Джулиан оправился и вернулся к себе в часть. Они пошли занимать отбитый у немцев Швабский редут. Здесь были глубокие немецкие землянки, мощные укрепления: «Швабский редут», «Лейпциг», «Барахло» и «Козел» (Feste Staufen и Feste Zollern), «Чудотворение» (Wundtwerk) — вот о чем следовало бы писать стихи. Джулиан спустился-под-землю и нашел подземную дверку в стене. Она вела в темные коридоры, набитые ящиками боеприпасов и снаряжения, а за ними оказался проход в две вертикальные шахты с воротами и ведрами. Дна было не видно: шахты словно уходили в бесконечность.
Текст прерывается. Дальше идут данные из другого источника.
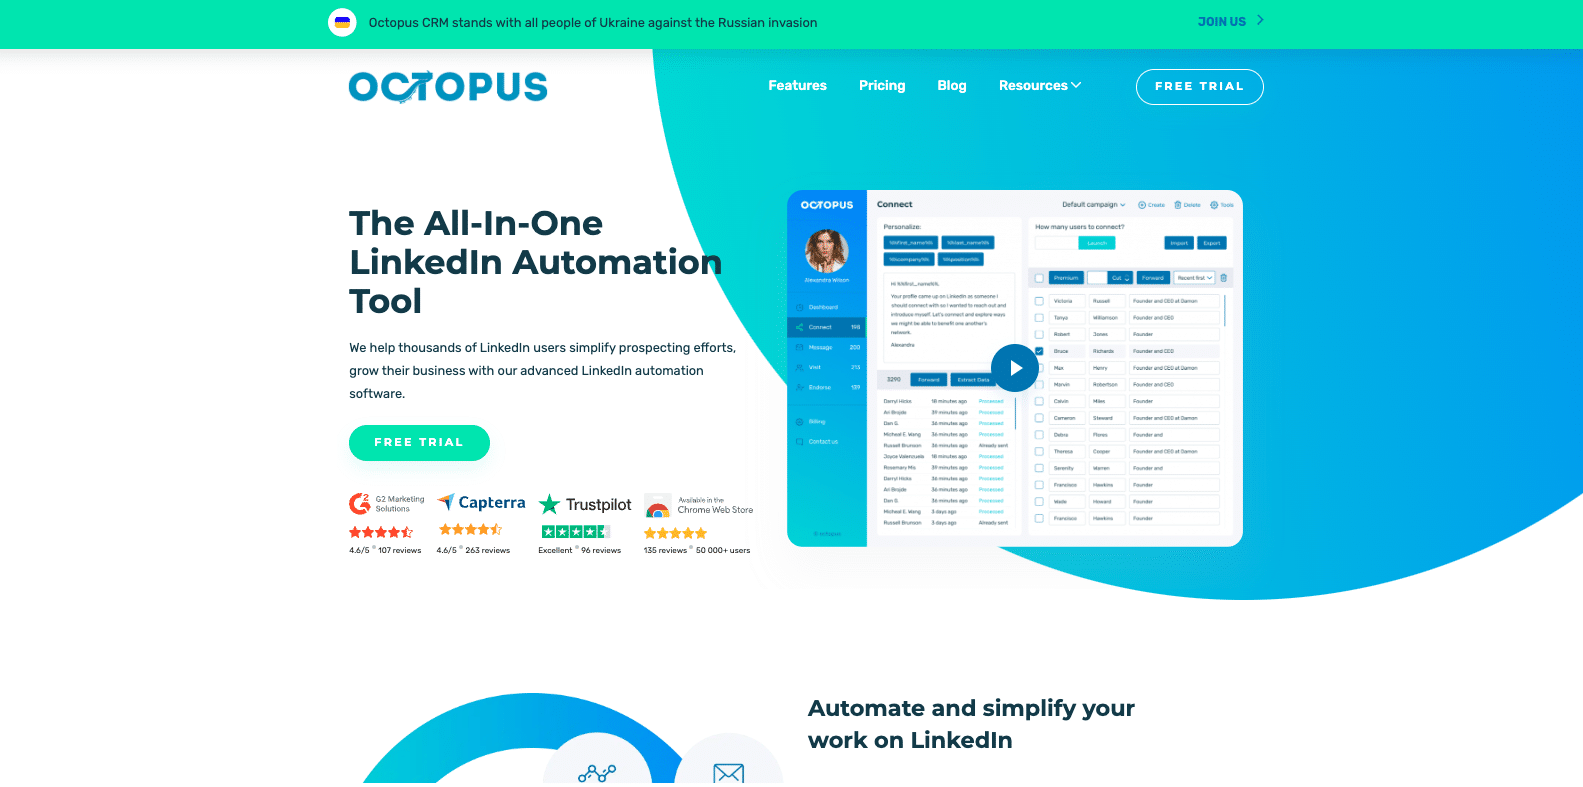 Homepage on the Octopus CRM website

Джулиан шел между штабелями ящиков с бомбами и тушенкой, с черными и золотыми шлемами, с кожаными масками респираторов; все это на миг напомнило ему хранилища в подвале Южно-Кенсингтонского Музея с их порядком и беспорядком.
Он дошел до просторного подземного помещения, где кучами лежали толстые серые шинели; их затхлый запах был частью всепроникающего запаха этих окопов. Вдоль стен выстроились зеркала в позолоченных рамах. Их, должно быть, вынесли из дворца, ныне лежавшего в руинах. Еще в этой комнате были книги — в вертикально поставленных ящиках вместо шкафов. Джулиан взял «Сказки братьев Гримм» для Гризельды: ей понравится рассказ о том, как он нашел эту книгу в подземном зале, полном зеркал. Тут он увидел, что в углу тихо стоит человек — худой, мрачный, средних лет, со шрамом на лице и усталыми глазами. Джулиан поднял руку в приветствии; другой тоже поднял руку, и Джулиан понял, что не узнал самого себя. Он заметил другой выход из помещения, приоткрыл дверь и обнаружил, что проход забит телом совершенно мертвого и разлагающегося немца. Джулиан отступил и вернулся наверх.
Через несколько дней его послали ночью с отрядом атаковать немецкую огневую точку. Они залегли в воронке под равномерное уханье бомб, и Джулиан почувствовал, как треснула кость ноги. Он попытался встать и не смог. Солдаты перетащили его, хромающего и падающего, в другую воронку, а потом обратно к своим.
На этот раз у него оказалось «тыловое» ранение, то есть такое, с которым отправляли в тыл. Его перевезли санитарным транспортом в Англию вместе с ходячими ранеными Ступни были раздроблены, но он не почувствовал этого сразу из-за треснувшей большеберцовой кости. В конце концов британские хирурги не смогли спасти одну ступню и отняли ее. Месяцы спустя Джулиан прихромал к дому в Челси, где к двери подбежали две маленькие девочки и чуть не сбили его с ног. Он сильно расстроился, когда Имогена и Флоренция отчаянно зарыдали. В доме восхитительно пахло — поджаренным хлебом, поджаренным кофе, лилиями в вазе, лавандой и, как понял Джулиан, наклонясь поцеловать сводную сестру и племянницу, чистыми волосами и вымытым телом.
Ему снилось, что его засыпало заживо в окопе, и он не может освободиться от неуклонно нарастающей тяжести земли. Ему снилось все, что он запрятал подальше и запретил себе вспоминать. Флоренция подавала ему горячие тарталетки с абрикосами и китайский чай, пахнущий жасмином и своим собственным бледным, загадочным, чистым запахом, в китайских фарфоровых чашечках. Домашние сажали Джулиана в кресло и подставляли скамеечку под больную ногу, и в глазах у них все время стояли слезы.
Из всех ясноглазых мальчиков «Жабьей просеки» домой вернулся только Флориан. Филлис приготовила его любимую еду — колбаски с пряностями, картофельное пюре и «королеву пудингов». Олив твердила себе, что должна его любить, упорно и сильно, потому что он вернулся, а ее сыновья — нет. Она подумала, что стоит перед фактом: возвращение сына, который не был ее сыном, может обозлить ее. Но она решительно задвинула эту мысль подальше. Она пропустила стаканчик виски до прибытия пролетки со станции.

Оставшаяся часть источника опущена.